The linetype = cyl mapping inside aes() tells ggplot which variable controls the dash style. scale_linetype() then auto-picks one pattern per factor level. With three cyl levels, ggplot assigns "solid", "dashed", "dotted" in order.

Tip
Always set linewidth at 1 or higher when linetype is the encoding. The default linewidth = 0.5 makes short dashes and dots look almost identical, especially on retina displays or in thumbnails. Bump to 1 or 1.2 inside geom_line() for legibility.

Five common patterns

1. Default scale_linetype() with a factor

RDefault linetypes by cyl
ggplot(mt, aes(gear, mpg, linetype = cyl, group = cyl)) + geom_line(linewidth = 1, color = "steelblue") + labs(title = "Mean MPG by gear, split by cyl")

  

The mapping linetype = cyl is enough to trigger scale_linetype() implicitly. You only call scale_linetype() directly when you want to tune the legend, the breaks, or the NA value. For full control over which pattern each level gets, jump to scale_linetype_manual() in pattern 2.

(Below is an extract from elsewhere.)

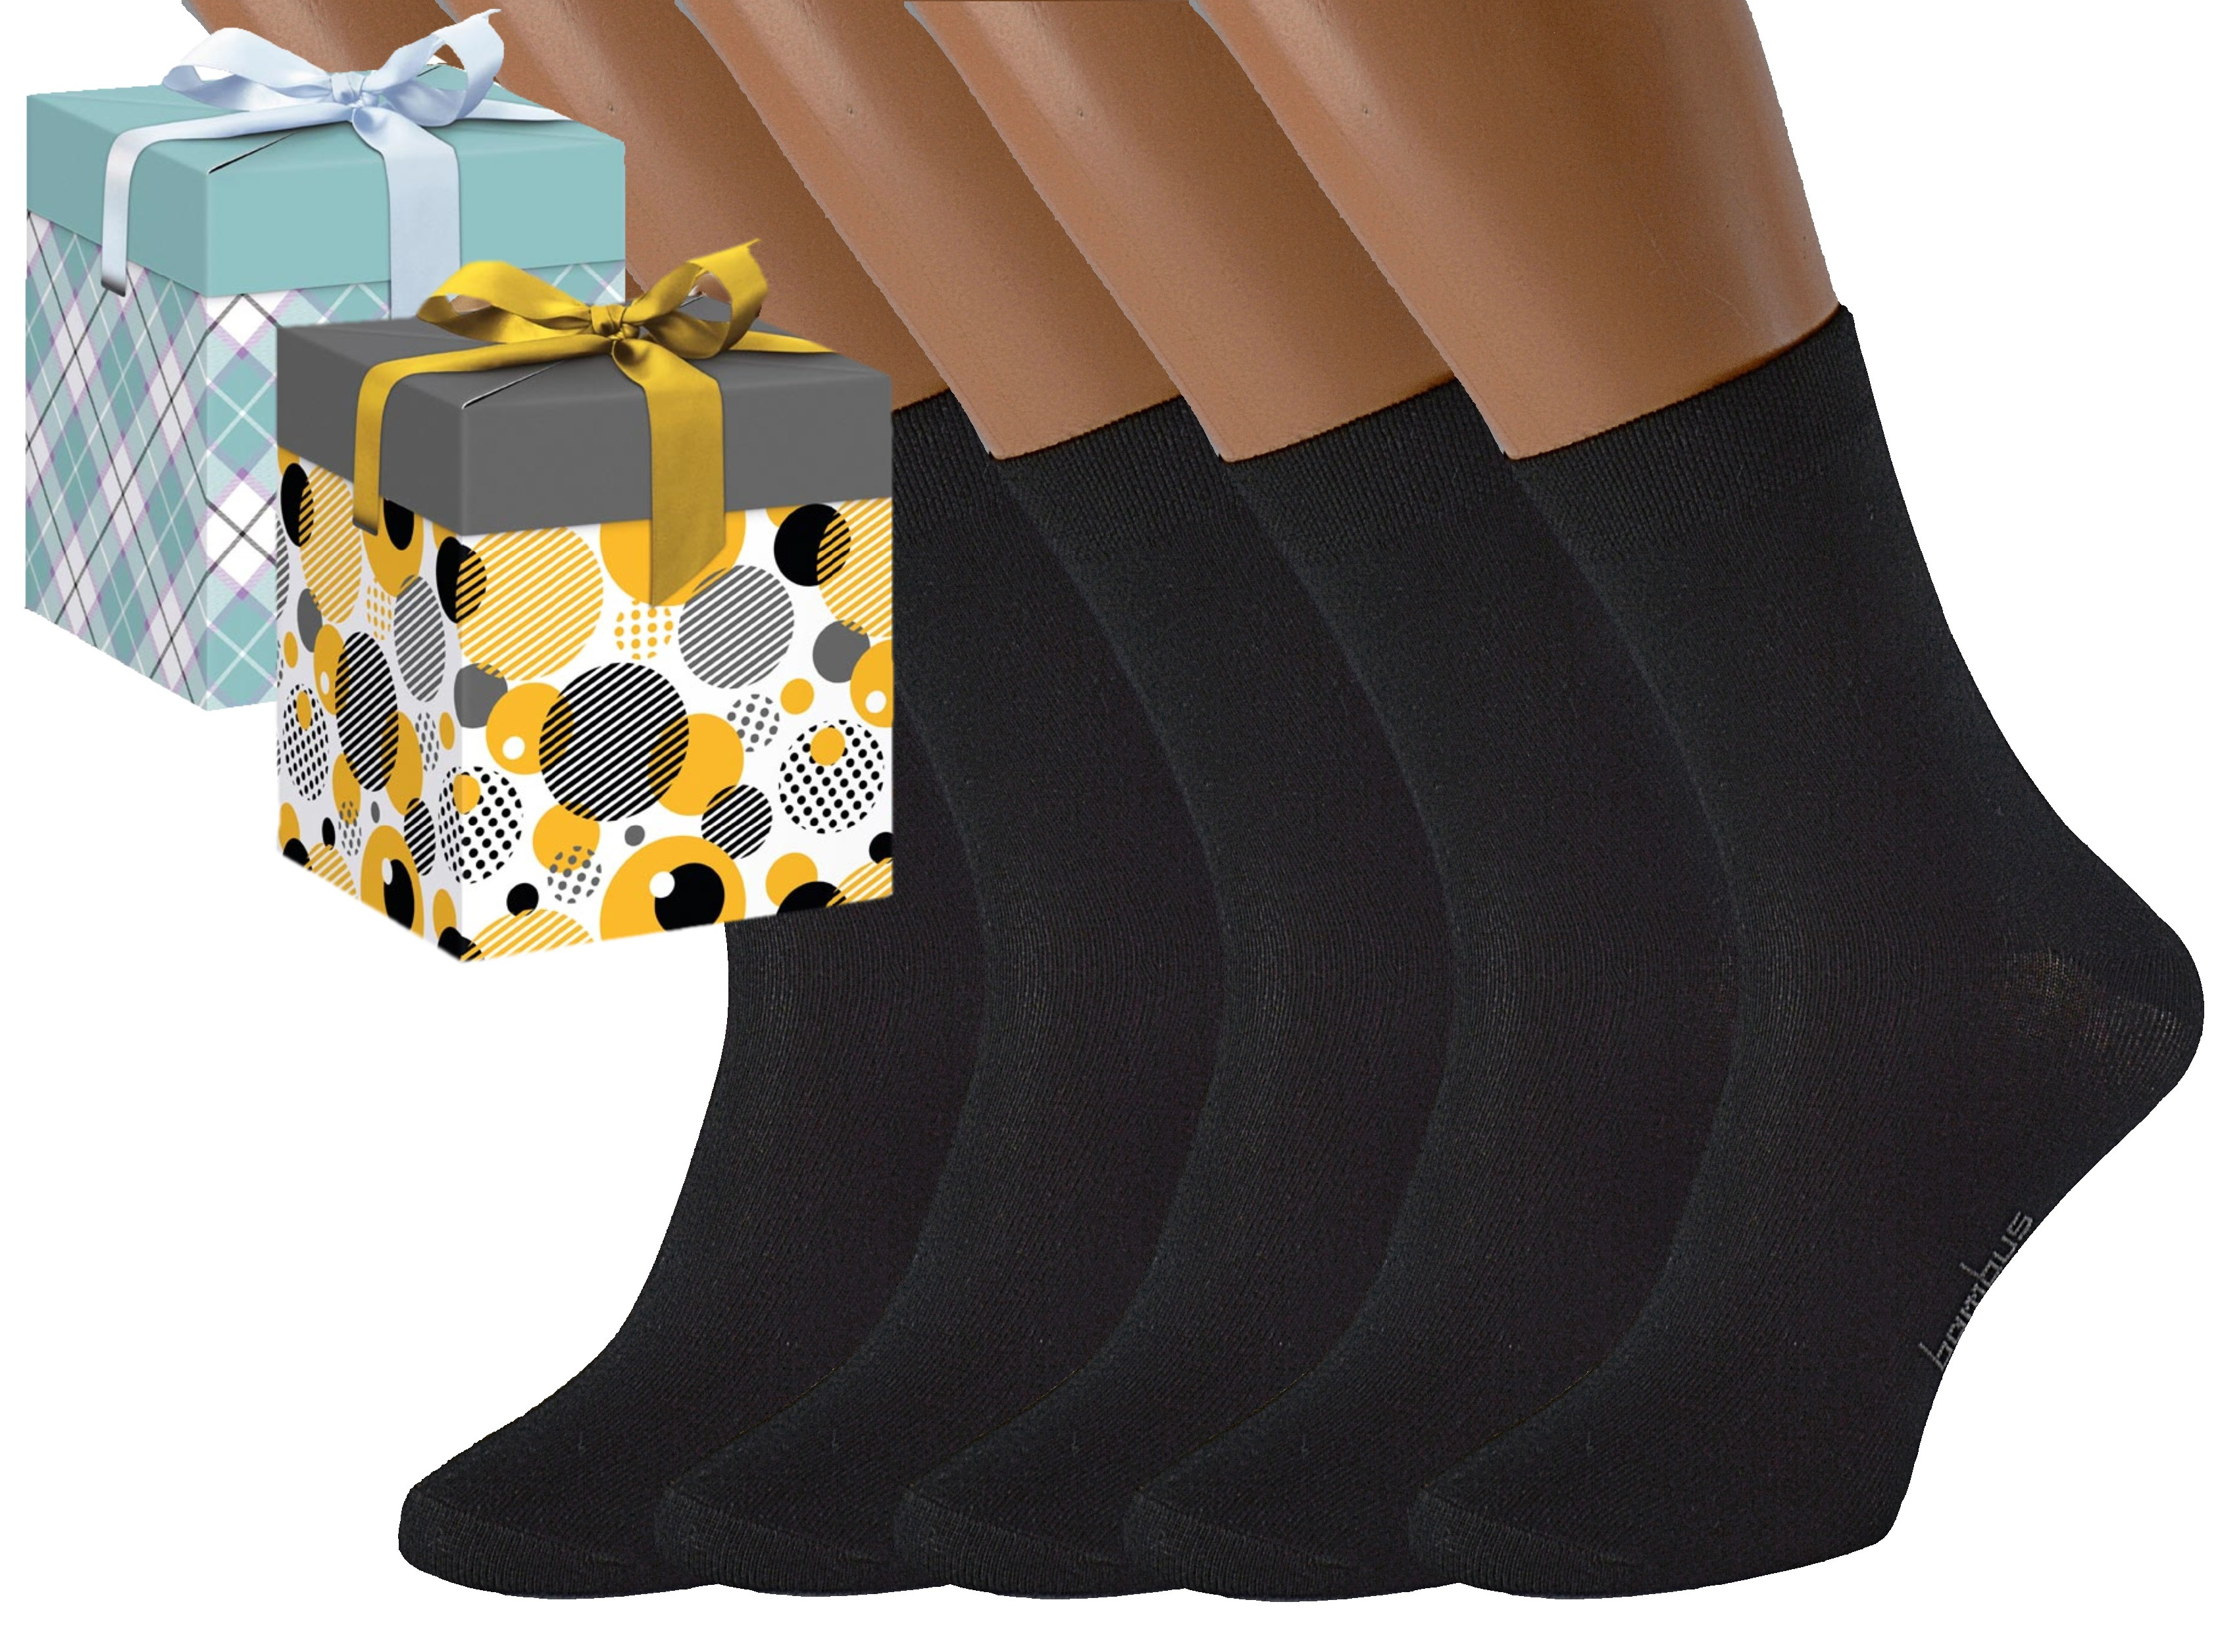 Produkt Dárkové balení 5 párů bambusových ponožek BAMBOO Barva: Černé, Velikost: EUR 39-42 (UK 6-8), Zvolte variantu dárkového balení: Modrá s oky

2. Manual patterns with scale_linetype_manual()

RHand-pick patterns per level
ggplot(mt, aes(gear, mpg, linetype = cyl, group = cyl)) + geom_line(linewidth = 1) + scale_linetype_manual(values = c("4" = "solid", "6" = "dashed", "8" = "dotted"))

  

Use scale_linetype_manual() whenever you need a specific pattern per group. Valid values are the named strings ("solid", "dashed", "dotted", "dotdash", "longdash", "twodash"), integer codes 0 to 6, or custom hex strings like "1F" (1 unit on, 15 off).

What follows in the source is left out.